When all readers completed the echocardiographic interpretations, a blinded review of the paired data set and image measurements by the lead sonographer and senior cardiologist was performed to ensure adherence to expert recommendations and national guidelines and to assess for clustering of erroneous results. Subsequently, result reports were generated and the pairwise measurements among readers were displayed as dot plot graphs and tables. Every result report included the overall group results for all five readers. Additionally, each reader received his or her individual reproducibility results compared with all other readers for every parameter. The magnitude of measurement differences between reader pairs was also evident through visual inspection of the graphical results. Paired measurements whose difference exceeded the prespecified acceptable difference (outliers) were reviewed. If reproducibility was not acceptable for a reader, then a process of retraining and retesting ensued.

Retraining involved individualized review and group-based sessions led by a senior cardiologist and lead sonographer. During 1-hour group-based sessions, national guidelines and illustrative case examples were discussed to promote uniformity of interpretation, eliminate individual idiosyncrasies, and provide an open forum for questions. Individual retraining was conducted one on one with the lead sonographer. These 30-min sessions incorporated review of individual statistical results, which guided the retraining process by indicating the extent and direction of outlier pairs and identified the source of interpretation and/or measurement error. This was followed by analysis of the individual reader’s test images and stored results for parameters with unacceptable reproducibility. After retraining, all readers interpreted a different set of 10 test echocardiograms for parameters that had unacceptable reproducibility on the initial testing, and reproducibility was reevaluated. This cyclical QI process of image interpretation, reproducibility assessment, and retraining continued until reproducibility was acceptable for every reader on all parameters. To assess the durability and efficacy of this QI initiative, this process was repeated with the same readers 1 year later.

## Statistical Analysis

A recently published review critically evaluated and compared several statistical indices to determine the most appropriate analytic approach for the assessment of interreader reproducibility. The coverage probability (CP) method was preferred given its computational simplicity, rapid identification of group and individual reader variability, and broad applicability to different patient populations, clinical settings, and continuous and categorical variables. Therefore, CP analysis was used to evaluate interreader reproducibility for this study. CP is the probability that the difference between any two measurements of a parameter on the same echocardiogram are within an acceptable difference. Specifically, all possible interreader comparisons (100 for each parameter) were examined to determine whether the measurement difference between paired readers was within the prespecified acceptable difference. The nonparametric approach was used to obtain the estimate of CP. The estimate of CP is the proportion of the number of pairwise interreader comparisons within the acceptable difference divided by the number of all possible pairwise comparisons. Perfect reproducibility corresponded to 100% CP (i.e., CP = 1), indicating that all measurements were within the acceptable difference for that parameter.

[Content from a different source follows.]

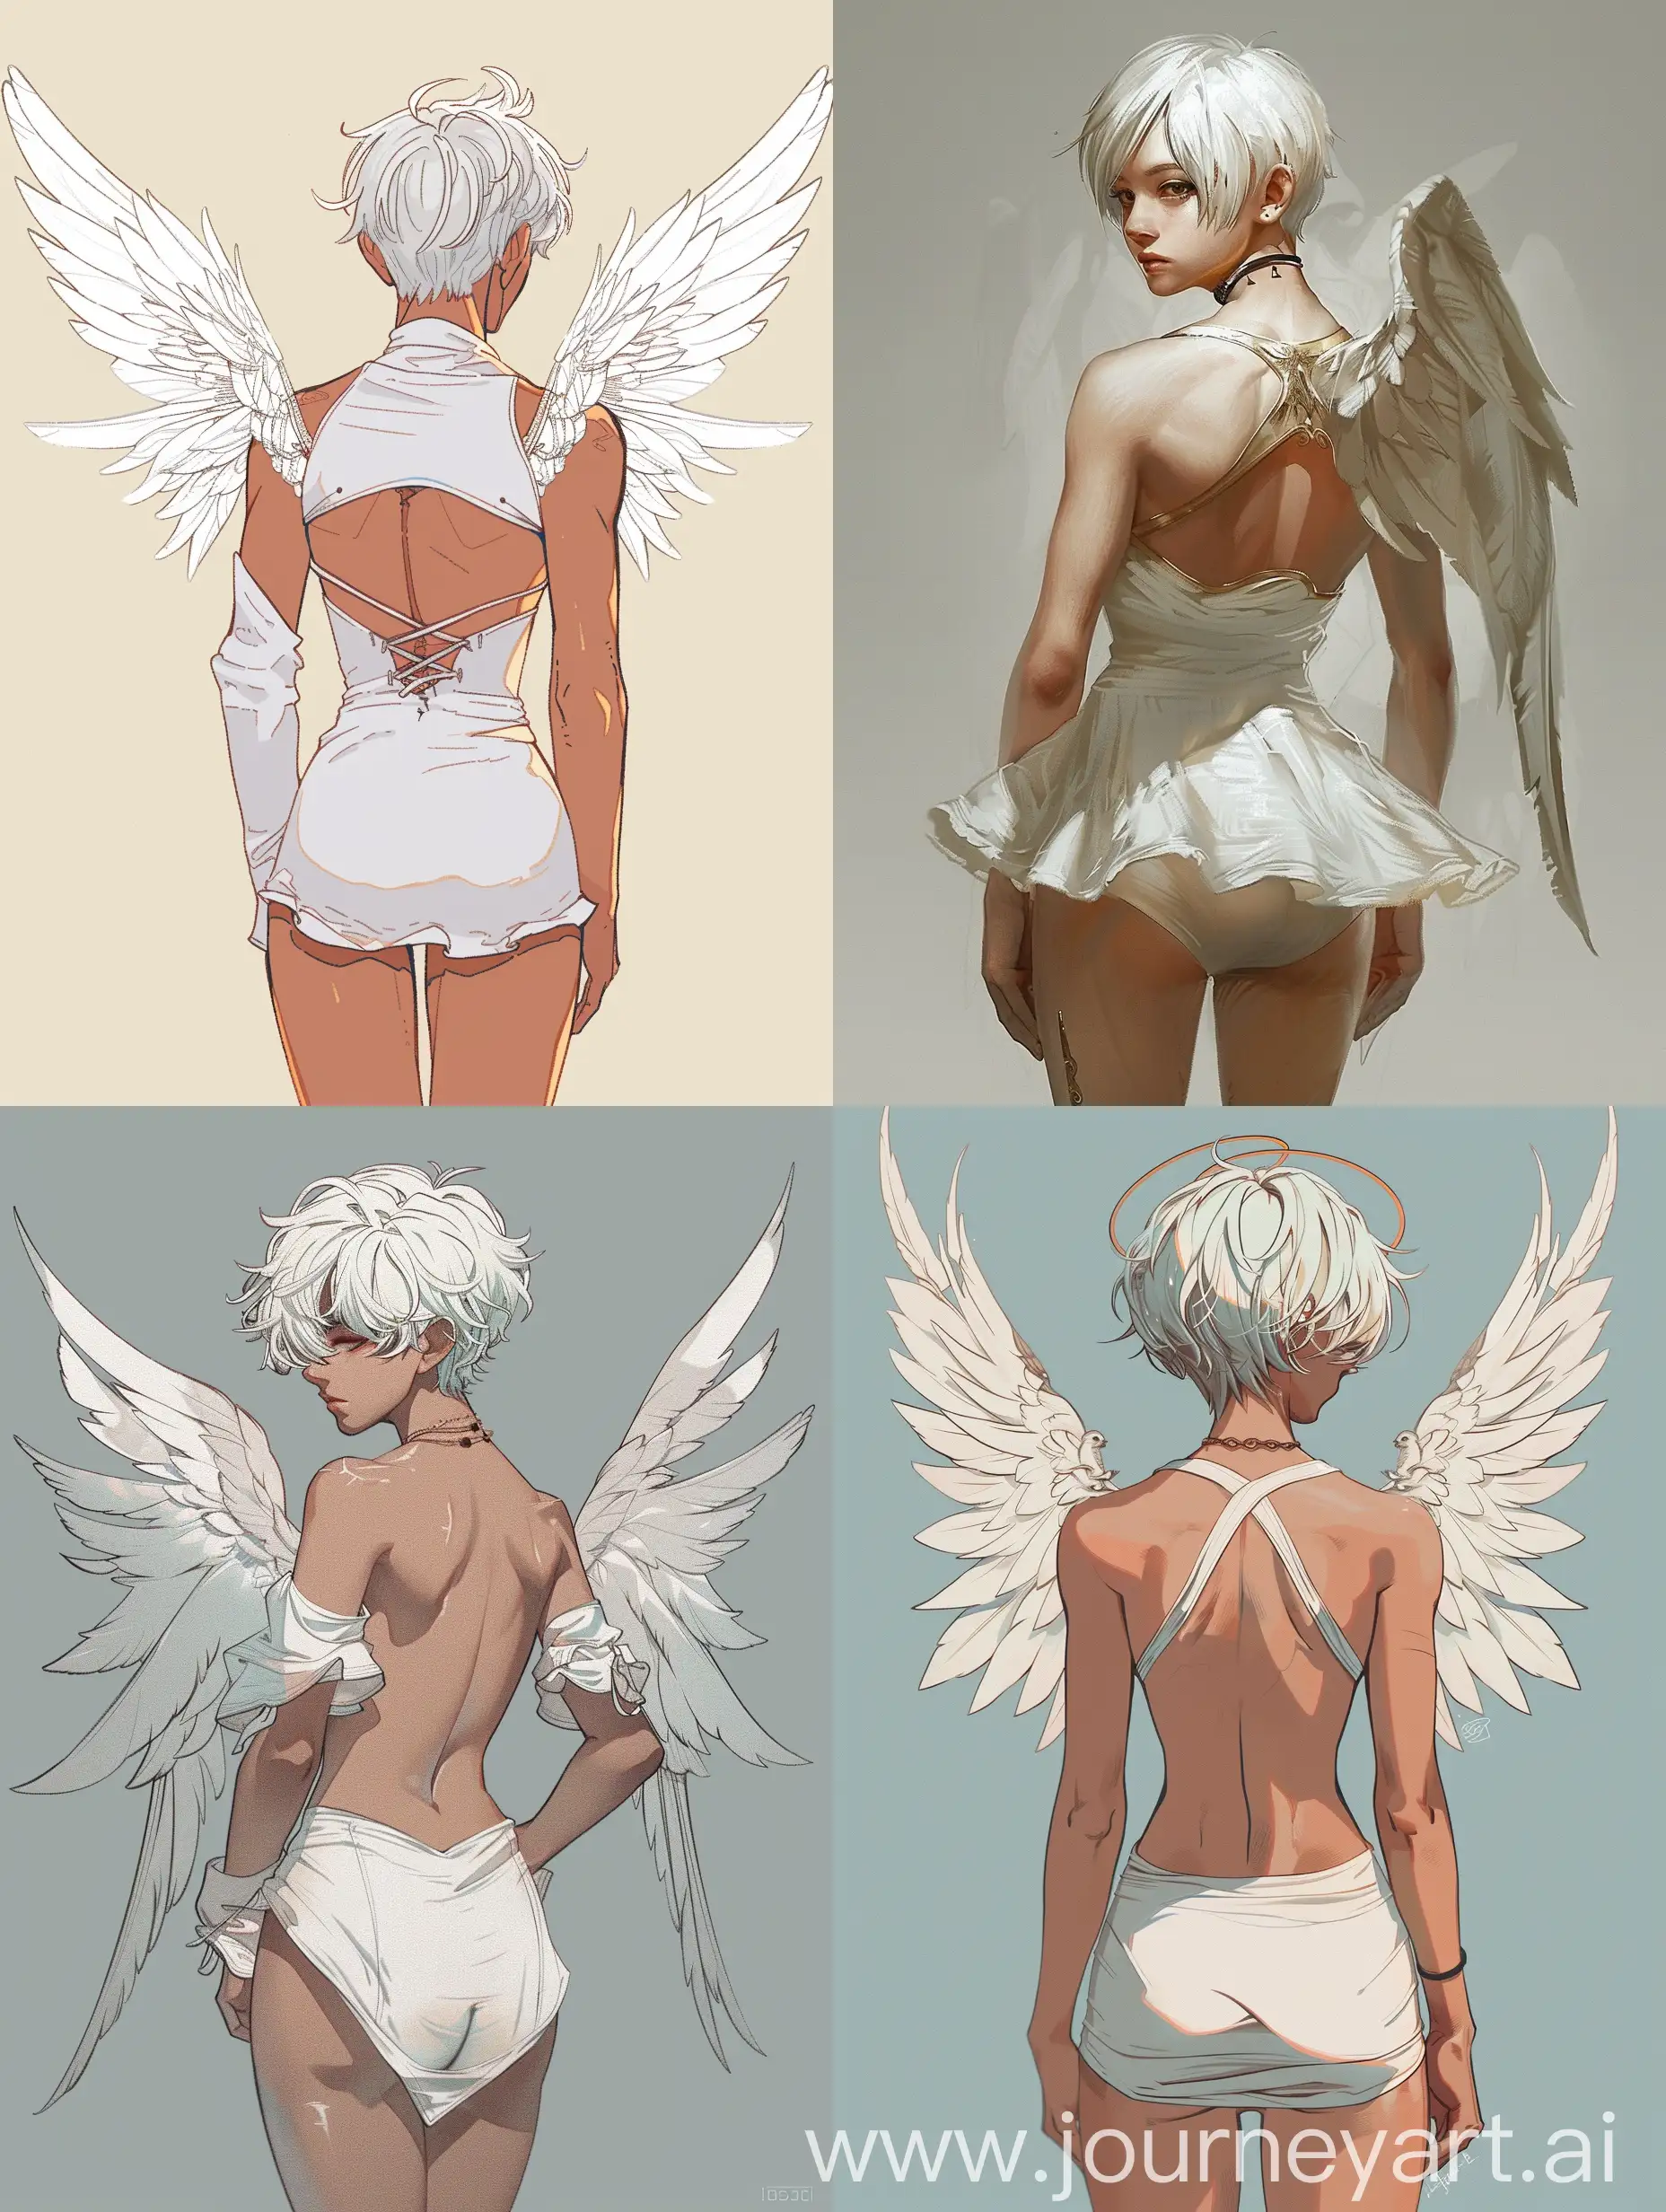 Ethereal-Angelic-Figure-with-Short-White-Hair-and-Graceful-Wings-in-Elegant-White-Dress

The prespecified acceptable differences and the cut point for the CP determine the standard for acceptable reproducibility. For this study, the cut point for the estimated CP was set at 0.80, meaning that reproducibility was considered acceptable if ≥80% of all possible pairwise comparisons were within the prespecified acceptable difference for each parameter. With acceptable reproducibility defined as an estimated CP ≥ 0.80, we were 95% confident that the true CP would be ≥72% (the lower limit of the 95% CI for an estimated CP of 0.80 is approximately 72% on the basis of 100 pairs from five readers each interpreting 10 echocardiograms per testing cycle). Additionally, all pairwise comparisons (100%) were required to be within twice the acceptable difference. To easily visualize the reproducibility data and rapidly identify outlier pairs, the results of the CP analysis were displayed graphically for continuous parameters and in tables for categorical parameters. The graphs for continuous parameters were generated by plotting all pairwise differences from a zero-difference center line with superimposed vertical lines of a positive or negative acceptable difference for each test echocardiogram. The tables contained the categorical results for each echocardiogram in rows, which were distributed among five columns indicating the measured severity (0 = none, 1 = trace, 2 = mild, 3 = moderate, and 4 = severe). To assess if reproducibility was influenced by underlying disease severity, we arranged the graphs and tables in descending order on the basis of extent of disease (i.e., largest LVEDV at the top and smallest LVEDV at the bottom in the graphs, most severe MR at the top and least severe MR at the bottom in the tables). The statistical platform used for this analysis was SAS version 9.2 (SAS Institute Inc, Cary, NC), but the basic arithmetic required for the CP method can also be calculated using Microsoft Excel.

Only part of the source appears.